The reed valve petals are opening and closing with each cycle of the engine, at a nearly one-to-one ratio. Consider that if your engine is turning at 5000 RPM, then your reed valve petals are slapping closed against the reed block almost 5000 times per minute. This is what decreases the lifespan of your reed valve petals. 

Sources: CompoTec; Motocross Action Magazine; University of Calgary; Cycle World 

Signs Your Reed Valve Petals Need to Be Replaced

Without visually inspecting your reed valve petals, here are a few signs and symptoms that you might have reed valve petal wear or damage:

  • Difficulty starting the engine – Damaged reed valve petals can lead to less air being trapped in the cylinder, making it difficult for the engine to get its initial combustion when kickstarting.
  • Rough idling – This is a similar problem to what causes the engine to have a difficult start. Cracked reed valve petals may not open all the way, preventing oxygen from entering the engine to mix with the fuel. This will make the engine sound like it’s ready to die when idling.
  • Difficulty with acceleration – Failing reed valve petals can cause the engine not to immediately respond when giving it more fuel and then lurch forward when the fuel is finally ignited.
  • Power reduction – If your fuel/air mixture is being lost back into the carburetor rather than being pumped into the combustion chamber, you will lose fuel efficiency and power. 

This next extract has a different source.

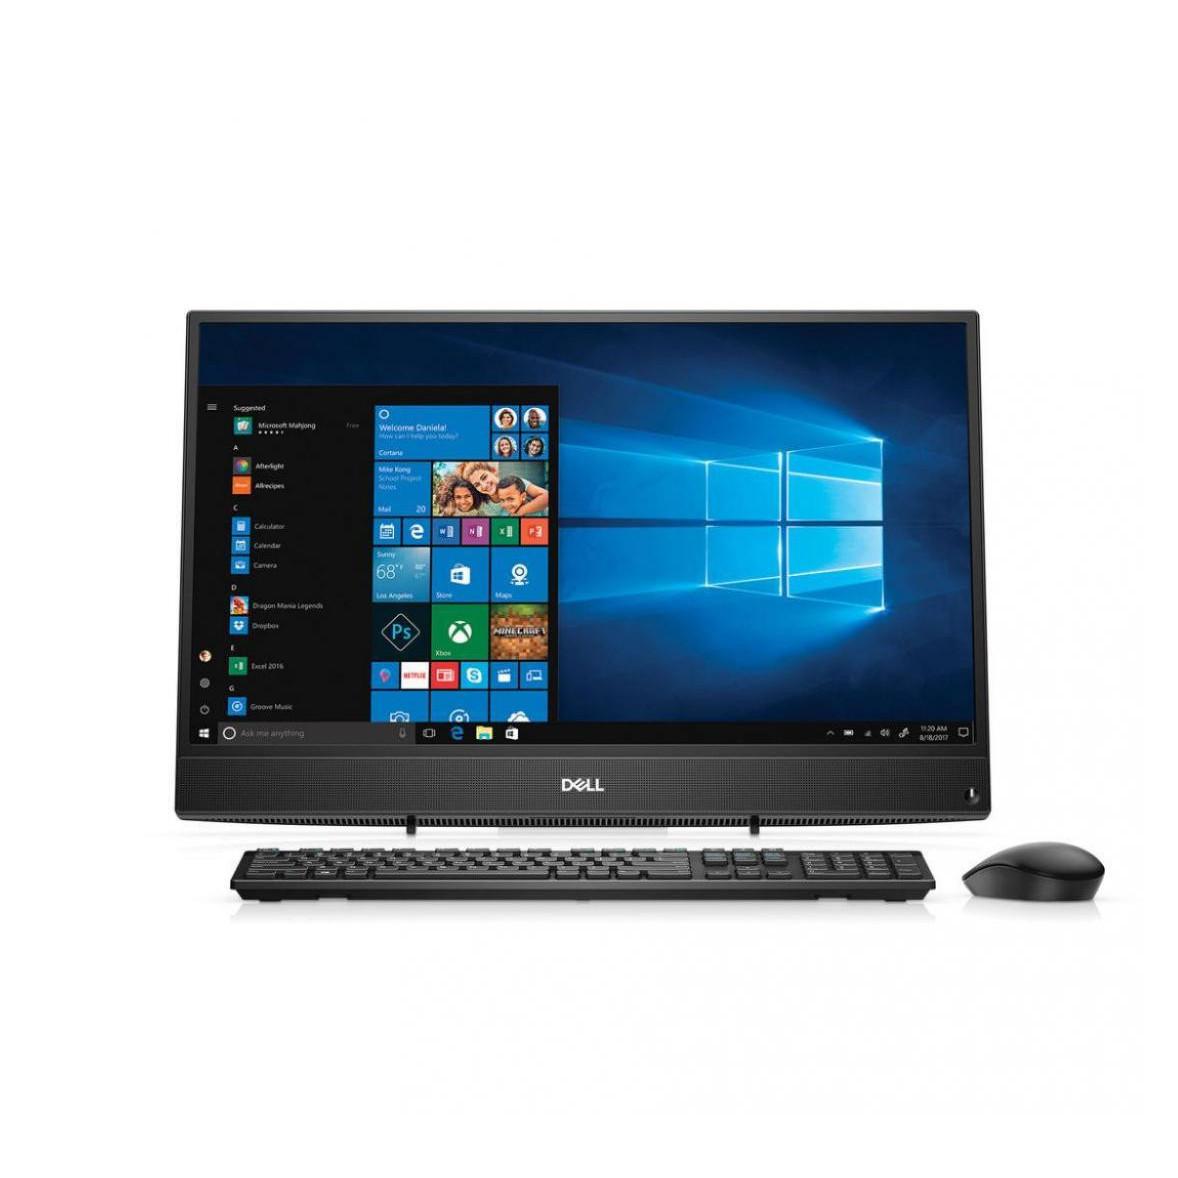 Моноблок Dell Inspiron 3280 Intel Core i5 4 ядра 4 Гб HDD 1Тб Windows 10 210-ARLI_3

These symptoms can, however, be caused by other problems. To know for sure if your reed valve petals need replacing, you will have to visually inspect them. Visual damage and wear to look for include:

  • Cracks
  • Chipping (usually around the edges)
  • Fraying (curled edges)
  • Large or inconsistent gaps between closed reed petal and reed block 

How to Check the Gap Between Your Reed Petal and Block

A handy way to check the seal between your reed valve petals and the reed block is to use a light. Direct the reed valve cone (the pointy part of the reed block) toward a light source and then look through the reed valve toward the light source. If no light can be seen, the seal is good

However, a little light isn’t necessarily a problem. Reed valve petals that are straight and not pre-curved can have a gap up to about .2 mm without the need for alarm. Any more than this gap, and you should replace your reed valve petals.

A Problem You Won’t See

Even if you don’t have any chips, frays, or cracks, and the gap between your reed valve petal and the block is optimal, you may still need to replace the reed valve petals. In addition to closing against the block thousands of times within a minute, the petals are also being forced open thousands of times. This will cause them to lose their elasticity over time. 

So, if you can’t see a problem with your petals and you’ve eliminated any other cause for engine troubles, change out those reed valve petals and see if that helps. 

Sources: Rocky Mountain ATC/MC; It Still Runs; Southwest Airsports; Fix Your Dirtbike.

Material Matters

Older reed petals were cut from stainless steel. They were inexpensive, resilient, and durable. The major drawback was that any chips that separated from the reed petals could cause engine damage. Most reed valve petals on the market now are made of composite materials, making this unlikely to be an issue.

It bears mentioning, however, since you might come across stainless steel reed valve petals. While reed valve petals are available to purchase on the market, there are engine enthusiasts who choose to cut their reed petals out of stainless steel, glass fiber (fiberglass), or carbon fiber.

Source: TorqSoft


While there may be no set schedule for you to replace your reed valve petals, they should be maintained and checked every 15 to 20 engine work hours to ensure that they are working correctly and not damaged. 

You should also check your reed valve petals if you experience trouble with starting the engine or its performance while running. Don’t forget, this will not necessarily be an easily visible problem, so make sure you use the method above to take a closer look, especially before you risk a breakdown of your engine.